The user interactions table keeps track of user related events. It has the following columns: UserId, Date, EventType, ItemId, Qty, timestamp. Here are 10 sample rows and code to generate it:

q)userTable:([]UserId:genID 10;
           Date:20170805+til 10;
           EventType:10#`buy;
           ItemId:genID 10;
           Qty:10?10;
           timestamp:00:00:00+10?100000)
q)show userTable

UserId   Date     EventType ItemId   Qty timestamp
--------------------------------------------------
88c5bbf5 20170805 buy       b19c6770 6   25:51:08 
42eeccad 20170806 buy       f12c9963 6   01:31:20 
c5510eba 20170807 buy       9ee93847 1   22:36:58 
5f344195 20170808 buy       7bfa7efa 8   20:50:09 
9a4f68c6 20170809 buy       24e2f268 5   16:27:03
26ba3a3e 20170810 buy       94922173 4   17:13:45 
c046e464 20170811 buy       4dec3017 9   13:16:27 
0e09baa4 20170812 buy       f5f7b90e 2   24:29:14 
a9f44e57 20170813 buy       0cb8391a 7   07:38:13 
1e1f2a49 20170814 buy       2df03fb0 0   23:10:12 
We will remove all rows that don’t have EvenType=`buy, so we can ignore this column from now on, but I left it in as an example of the kind of data cleaning you might perform. Also for the rest of this tutorial, I create a universe of itemIDs and userIds that I sample from this creates a more realistic simulation where itemIds will overlap in the two tables.  itemids:genID 1000; userids:genID 100000

We want to perform some analytics to figure out which warehouses we should use for different products based on user geography. To do this we need to join the inventory data to the user data. Unfortunately, there is nothing that links these two tables together, these systems are independent even though they share the same real world events.  You work with what you’ve got. Since these events are connected, if we see a transaction in the user table that has the same date, same ItemId and same Qty we can be pretty sure that it is the same event. This can be performed with a simple left-join like so:

/This join takes less than half a second on 1 million rows 
/in both tables
q)\t userTable lj `ItemId`Date`Qty xkey sysTable
453

However, our company actually has many, many users so that just using Date and ItemId and Qty is going to get many possible matches of which KDB will always choose the first. This is exacerbated by the fact that most times Qty is 1. So we need to incorporate the timestamp column to get better matching results.  We would like to match two rows if Date ItemId and Qty match and the timestamps are sufficiently close.  In particular, we would like to take the first match from the userTable where everything else being equal the timestamps are within 5 minutes of each other (assume that if they are outside this window, some other system must be responsible for that row).

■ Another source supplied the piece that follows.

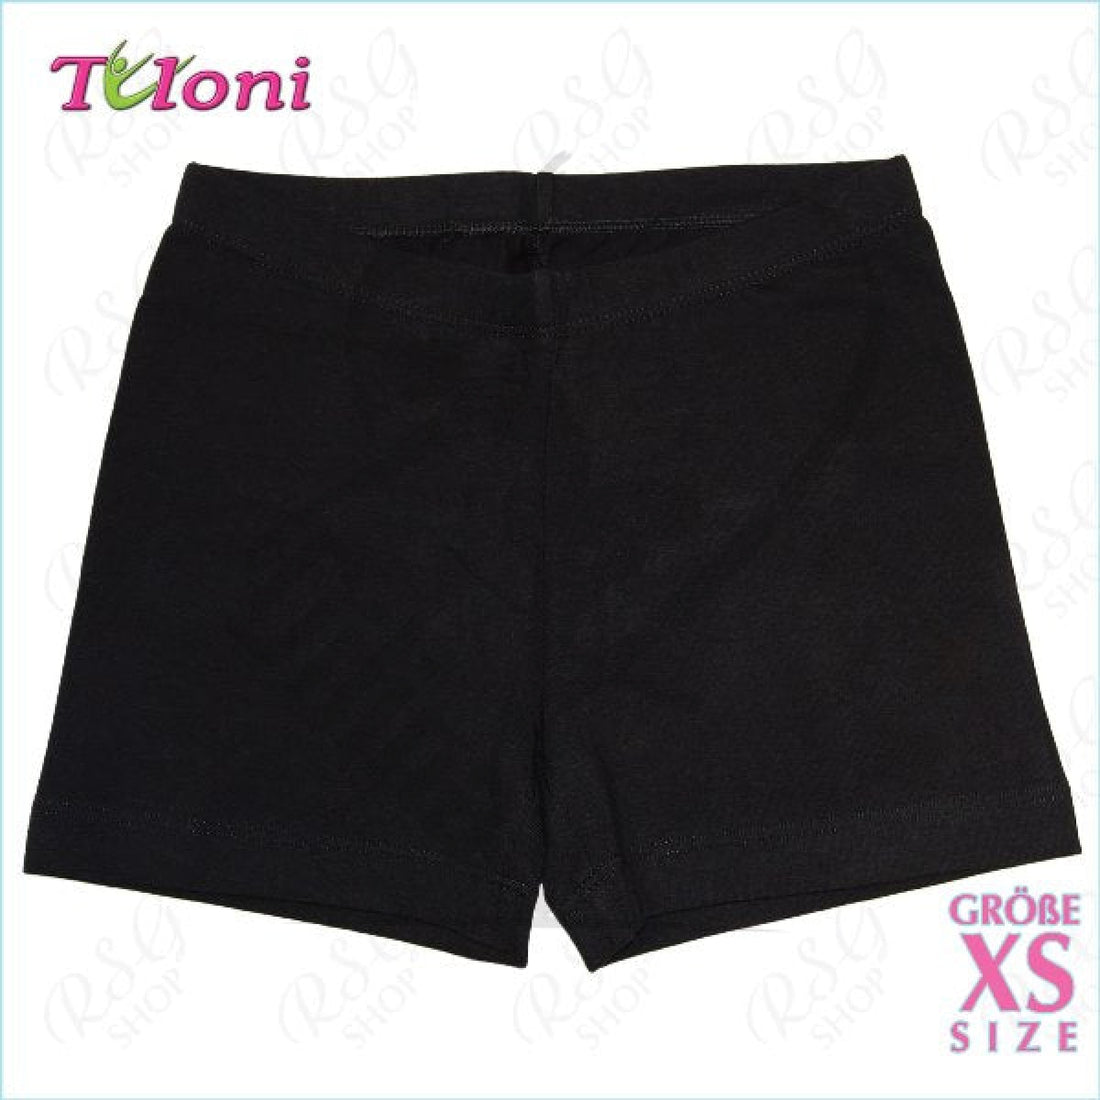 Tuloni Shorts Black Xs (140-146)
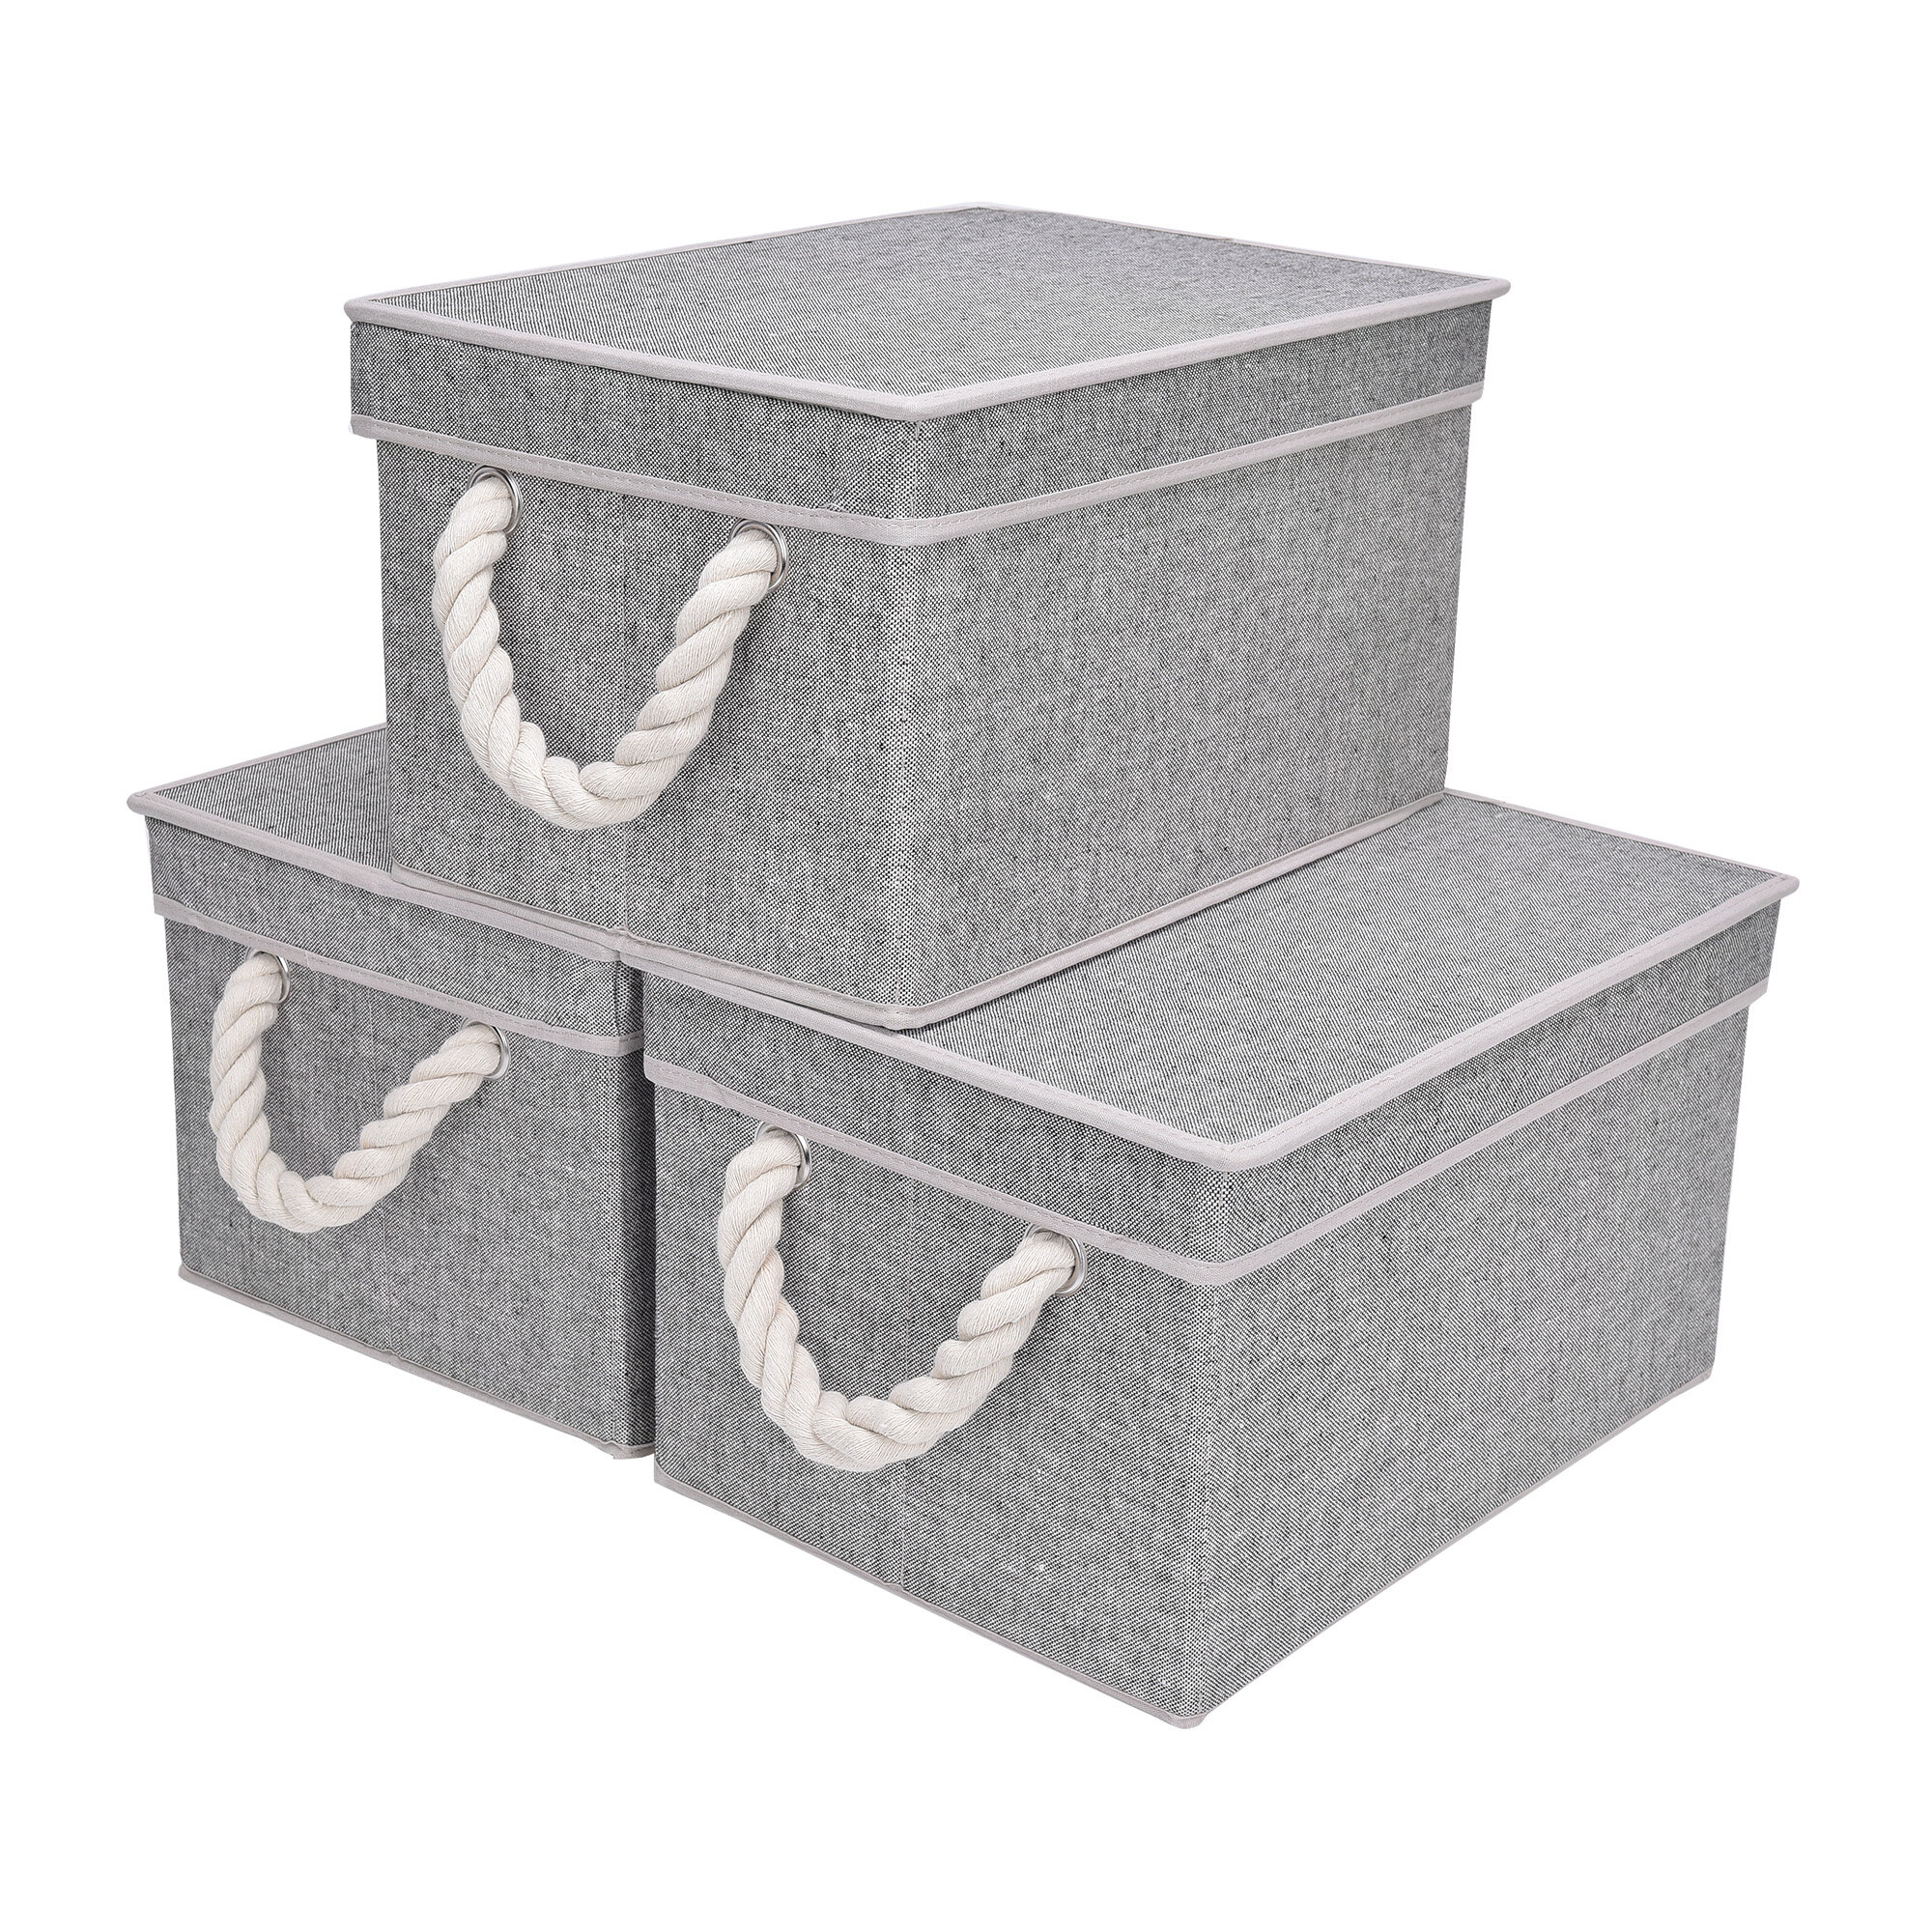 fabric storage bins with lids

The As Of Join Primitive for TimeSeries analysis

The idea behind As Of Join is that you can look at the state of universe in another table as of a certain time. The most common example involves joining a trades table to a quote table. I won’t belabour that example. Instead, I’ll translate this into our fictional internet store company.  I want to know what the inventory was as of a particular time when a product was ordered. I have an inventory table:

q)invTable:([]ItemId:i#itemids;
    Qty:i?1000
    DateTimeStamp: 
       (i#til 10)+(2017.08.05D00:00:00.000+i?1000000000000000))
/let's sort it in asc order of the DateTimeStamp
q)invTable:`DateTimeStamp xasc invTable
q)show invTable
ItemId   Qty DateTimeStamp                
------------------------------------------
30c86bca 375 2017.08.05D00:00:00.075460419
73d8673e 772 2017.08.05D00:00:00.114482831
2e6d75b2 166 2017.08.05D00:00:00.330689365
6c55cdcf 860 2017.08.05D00:00:00.336812816
a3715f66 364 2017.08.05D00:00:00.457884749
9abd4b9f 396 2017.08.05D00:00:00.726431612
89e2e90e 37  2017.08.05D00:00:00.795442611
c7891977 999 2017.08.05D00:00:00.817328697

Given  an ItemId and DateTimeStamp we would like to know how much of that Item we had as of that Time.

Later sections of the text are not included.